Mit den Morden und dem Verschwindenlassen der Leichen beglich das Kartell offene Rechnungen mit Rivalen - oder verbreitete schlicht Schrecken in der Bevölkerung. «Es ist ein sehr komplexer Fall», sagte der Chef der zuständigen Vermissten-Behörde in Coahuila, Jorge Ángel Herrera, dem Sender Radio Fórmula.

In Piedras Negras - wie auch in anderen Gefängnissen im schwachen mexikanischen Vollzugssystem - etablierten die Häftlinge ihre eigene Herrschaftsordnung und hatten dann weitgehend freie Hand. 2012 kam es zu einer spektakulären Massenflucht in Piedras Negras, bei der 132 Häftlinge durch einen Tunnel entkamen.

Die Behörden wurden erstmals bei einem Einsatz zur Vermissten-Suche auf die Zustände in dem 1200 Kilometer nördlich von Mexiko-Stadt gelegenen Gefängnis aufmerksam. Dort gaben die Befragungen einiger Häftlinge erste Hinweise darauf, wie über Jahre Menschen verschwinden konnten: Demnach wurden die Leichen verbrannt und die Asche einfach in einen nahen Fluss gekippt.

Bevölkerung einschüchtern

In Coahuila habe es zu jener Zeit eine «absolute Kontrolle durch die Zetas» gegeben, sagt Michael Chamberlin der Nachrichtenagentur dpa. Chamberlin ist Vize-Leiter des Menschenrechtszentrums «Fran Juan de Larios», das Familien von Verschwundenen unterstützt.

«Die Strategie des Verschwindenlassens diente dem Zweck, territoriale Kontrolle auszuüben und die Bevölkerung einzuschüchtern», sagt er.
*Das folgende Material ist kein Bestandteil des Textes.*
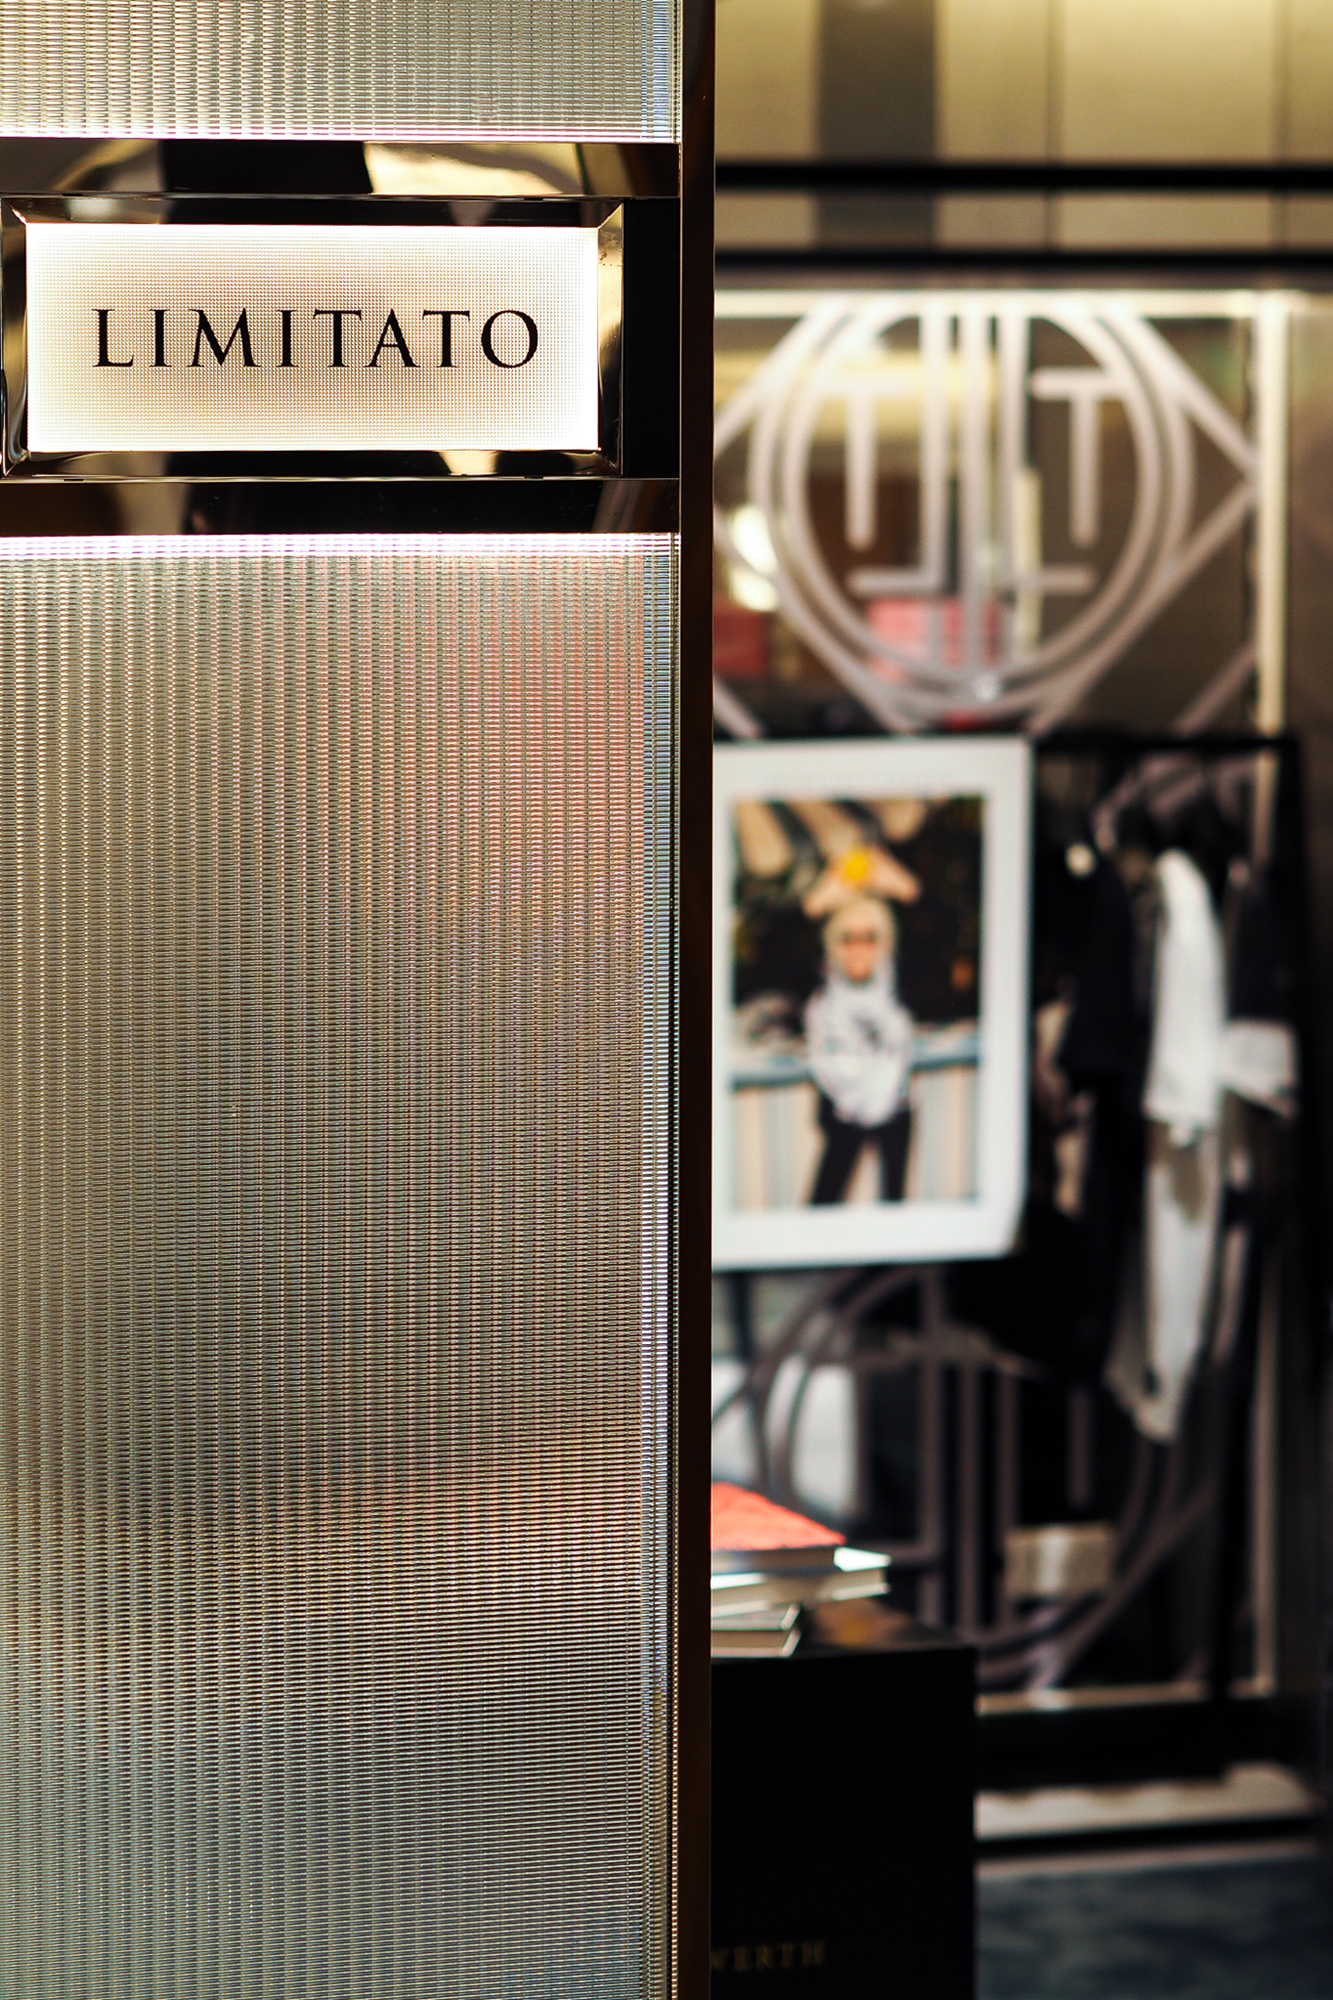 retail design, Limitato, Harrods

Chamberlin schätzt, dass seit 2008 mehr als 1600 Menschen in dem an die USA grenzenden Bundesstaat verschwanden.

Die mittlerweile geschwächte Organisation der «Zetas» formierte sich Ende der 90er als bewaffneter Arm des Golf-Kartells. 2010 startete sie mit Mordserien und Enthauptungen eine äusserst gewalttätige Karriere als unabhängiges Verbrechersyndikat.

Krieg der Kartelle

Die Exzesse liessen erst mit dem Tod ihres Anführers Heriberto «El Lazca» Lazcano 2012 und der Festnahme seines Nachfolgers Miguel Ángel Treviño Morales alias «Z-40» 2013 etwas nach. Weiterhin liefern sich die Zetas erbitterte Gebietskämpfe um den Nordosten Mexikos mit dem Sinaloa-Kartell und ihren früheren «Golf»-Brüdern.

Bei ihren Ermittlungen entdeckte die Staatsanwaltschaft von Coahuila, dass die Häftlinge in der Anstalt auch Kampfkleidung herstellten und Autos präparierten, die später bei Gewalttaten zum Einsatz kamen.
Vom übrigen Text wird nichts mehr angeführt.